- **Exercise description**
Transcribe each line of the material as it is, and drop any picture.

- **Raw data**
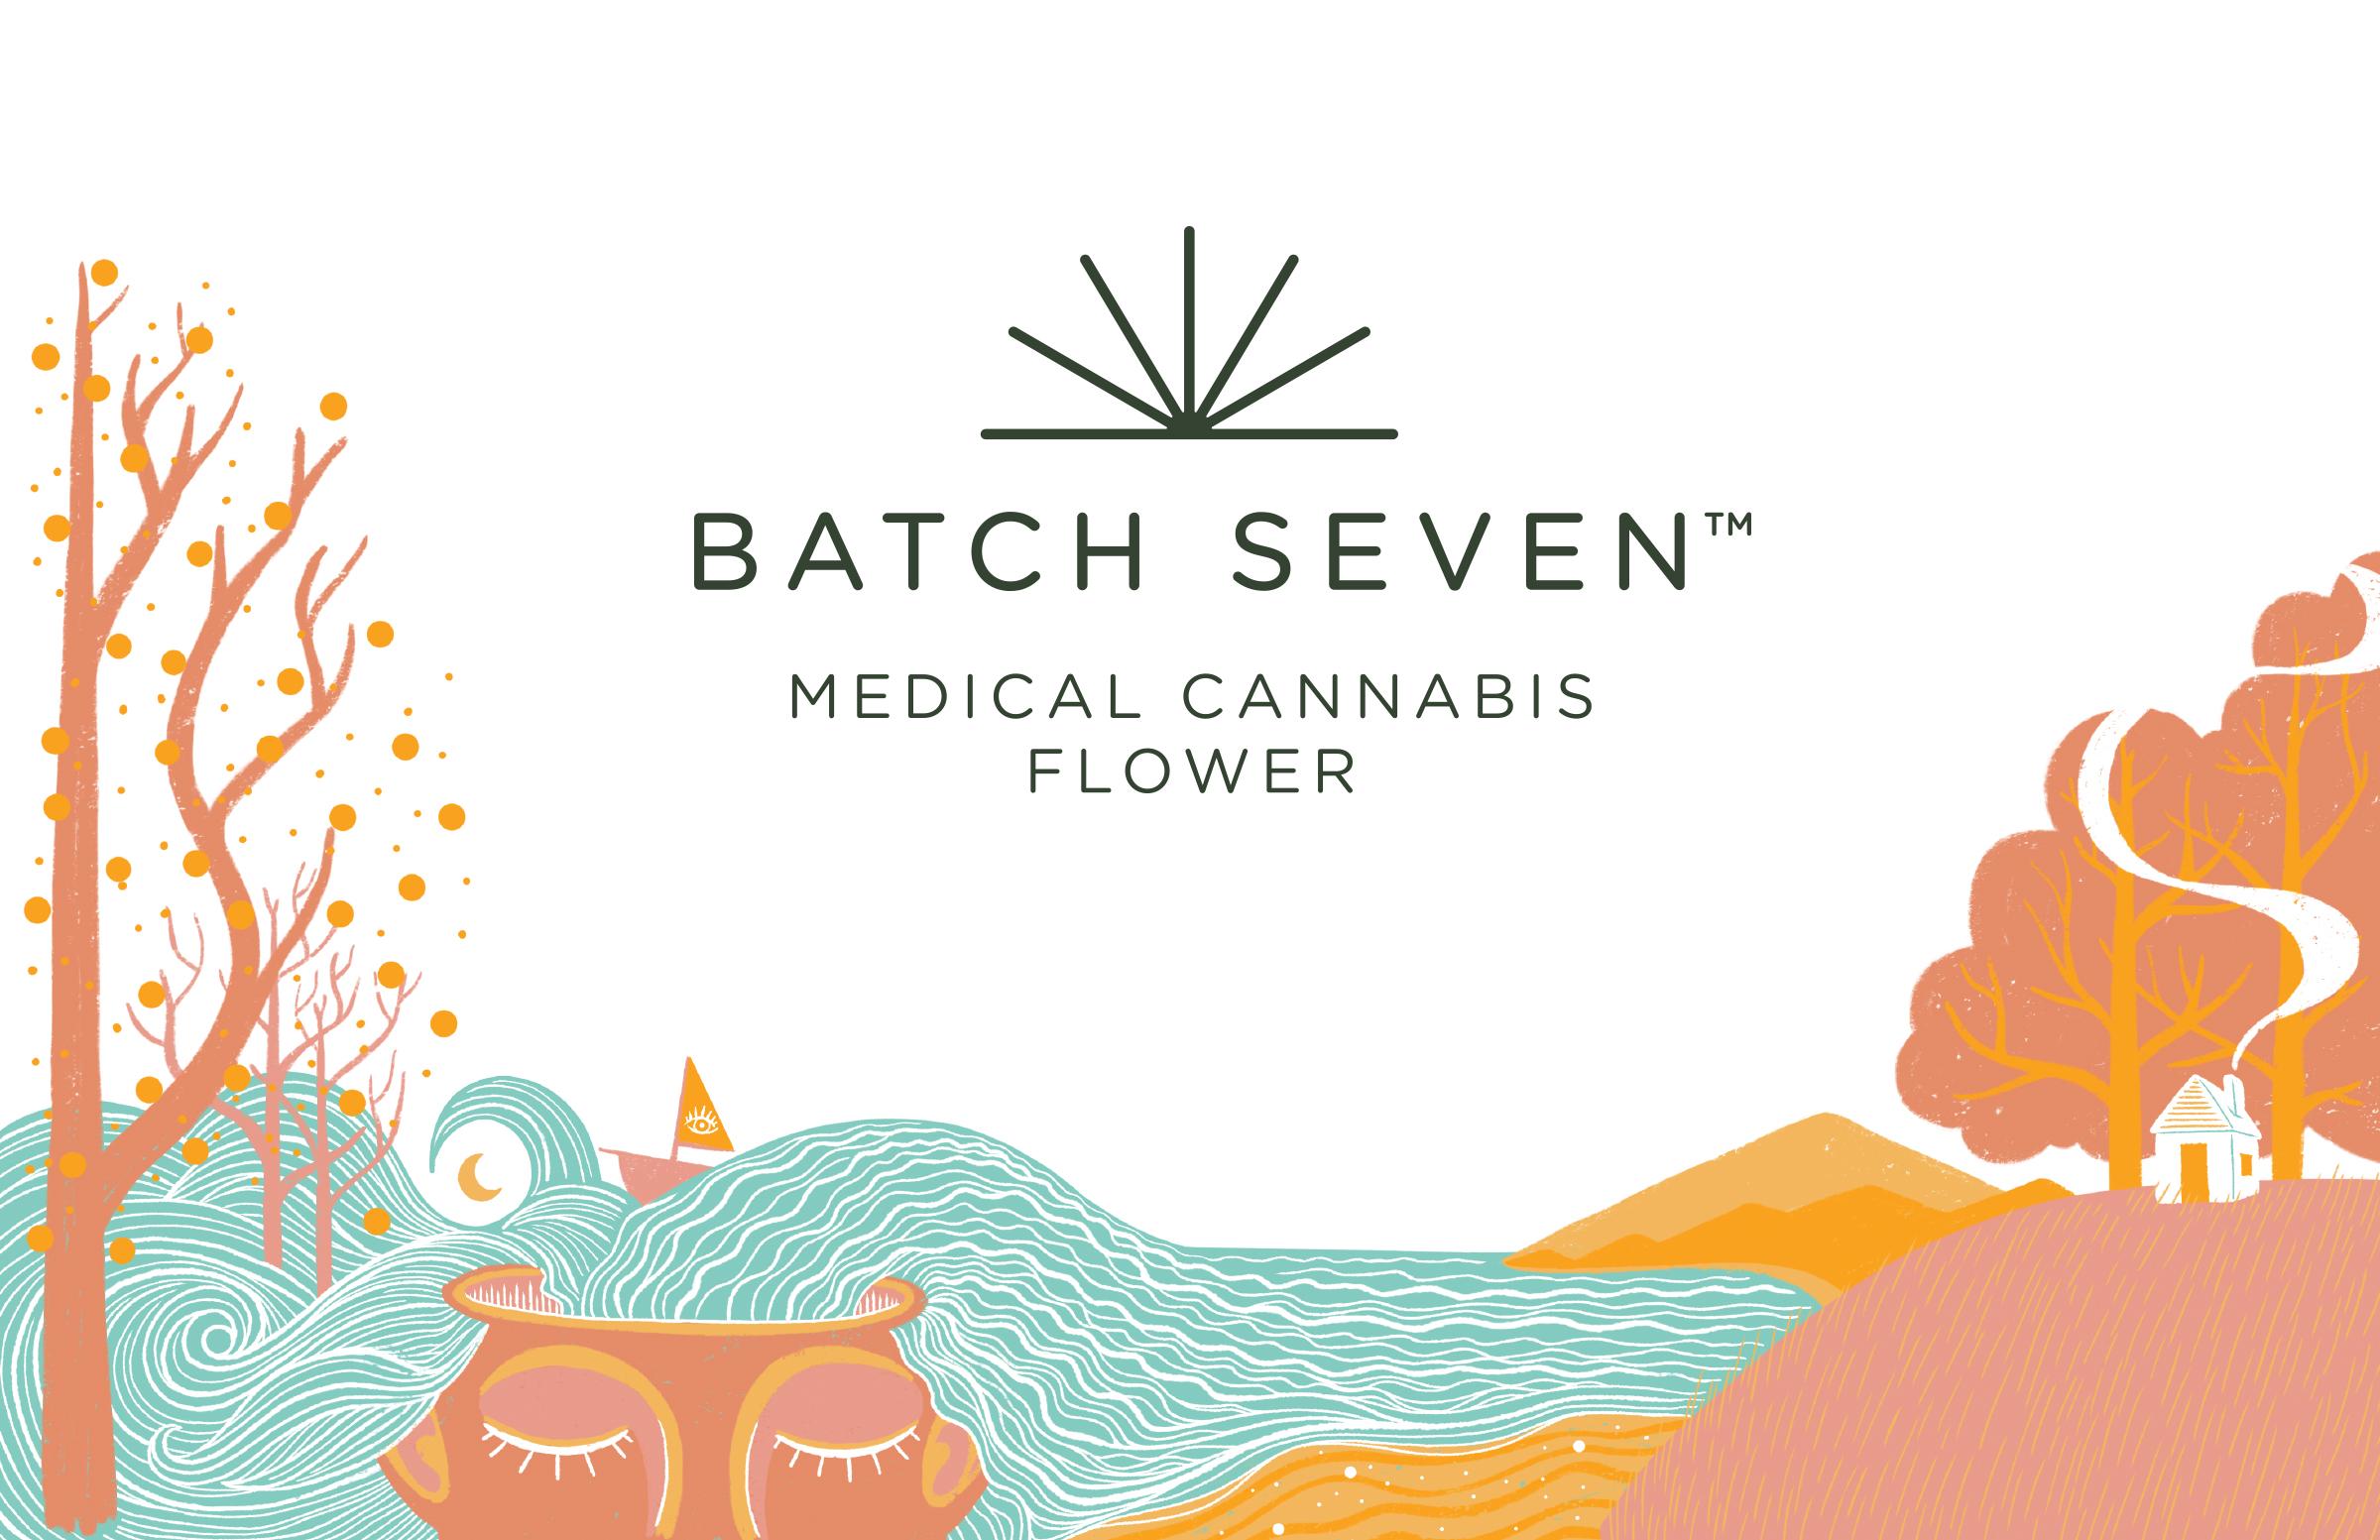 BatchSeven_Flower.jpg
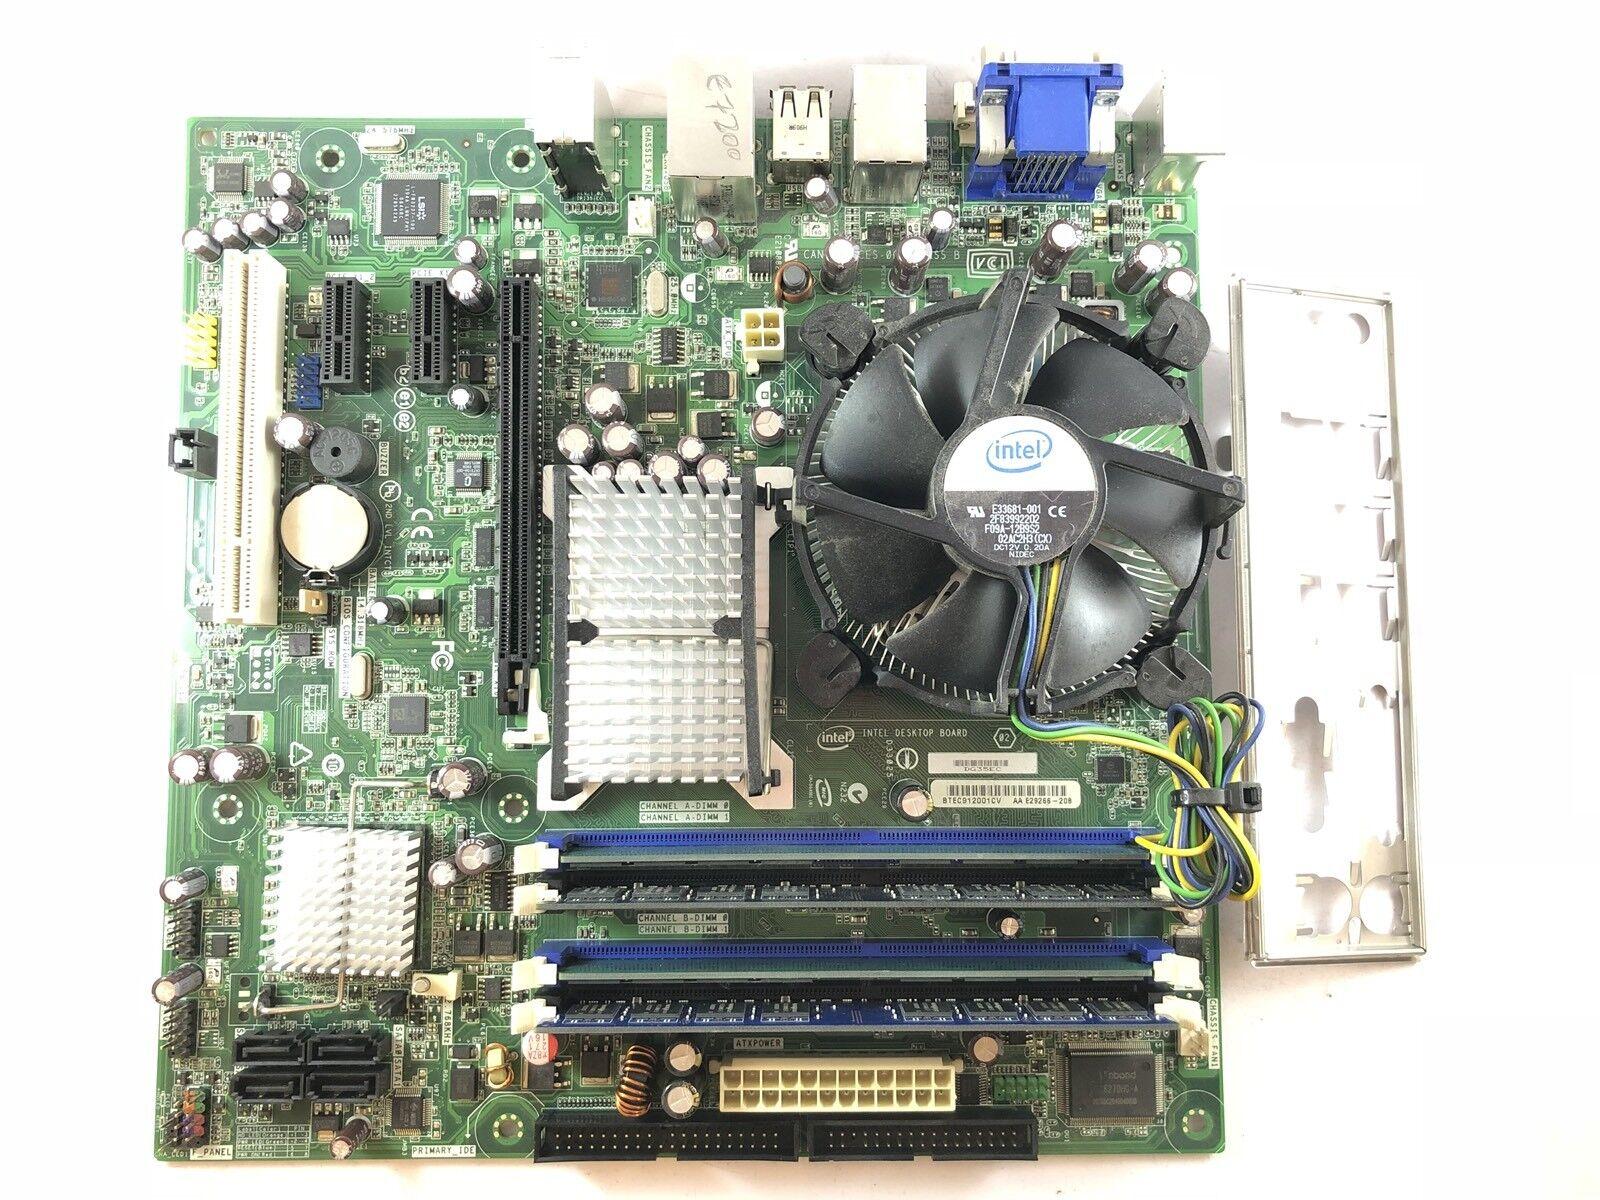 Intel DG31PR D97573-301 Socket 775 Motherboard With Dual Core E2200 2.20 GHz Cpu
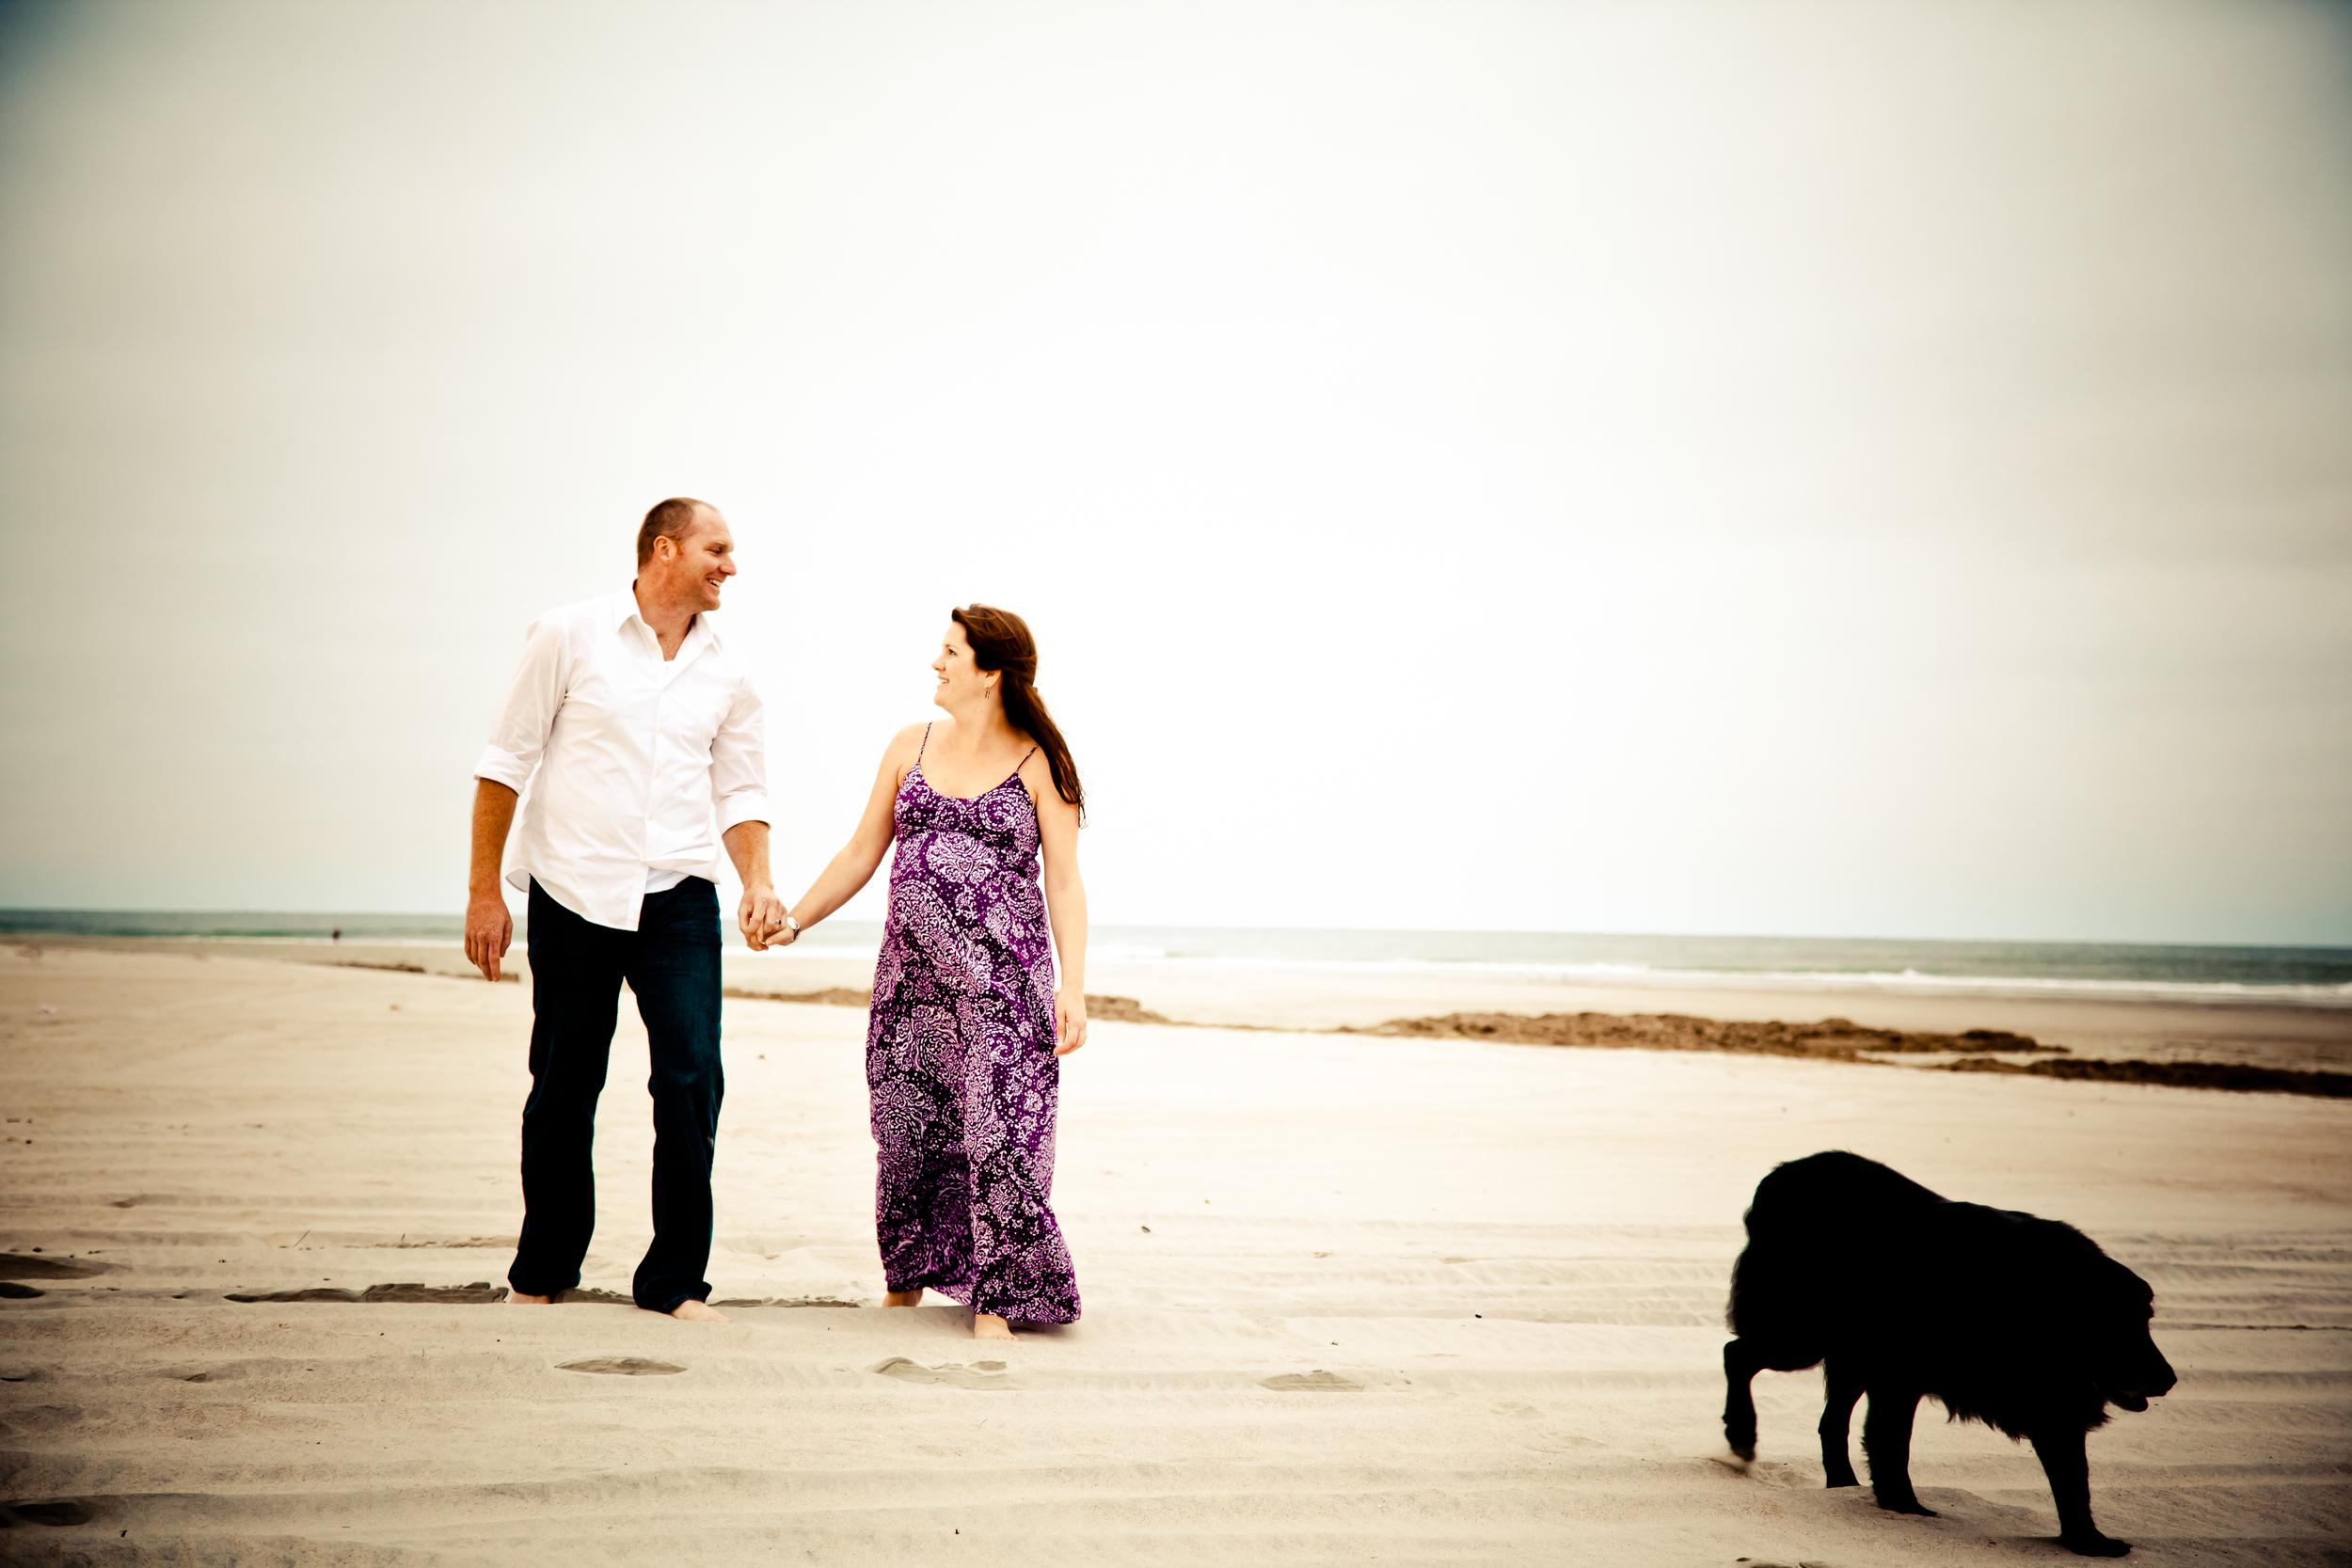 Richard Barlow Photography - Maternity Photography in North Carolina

- **Exercise response**
 BatchSeven_Flower.jpg
 Intel DG31PR D97573-301 Socket 775 Motherboard With Dual Core E2200 2.20 GHz Cpu
 Richard Barlow Photography - Maternity Photography in North Carolina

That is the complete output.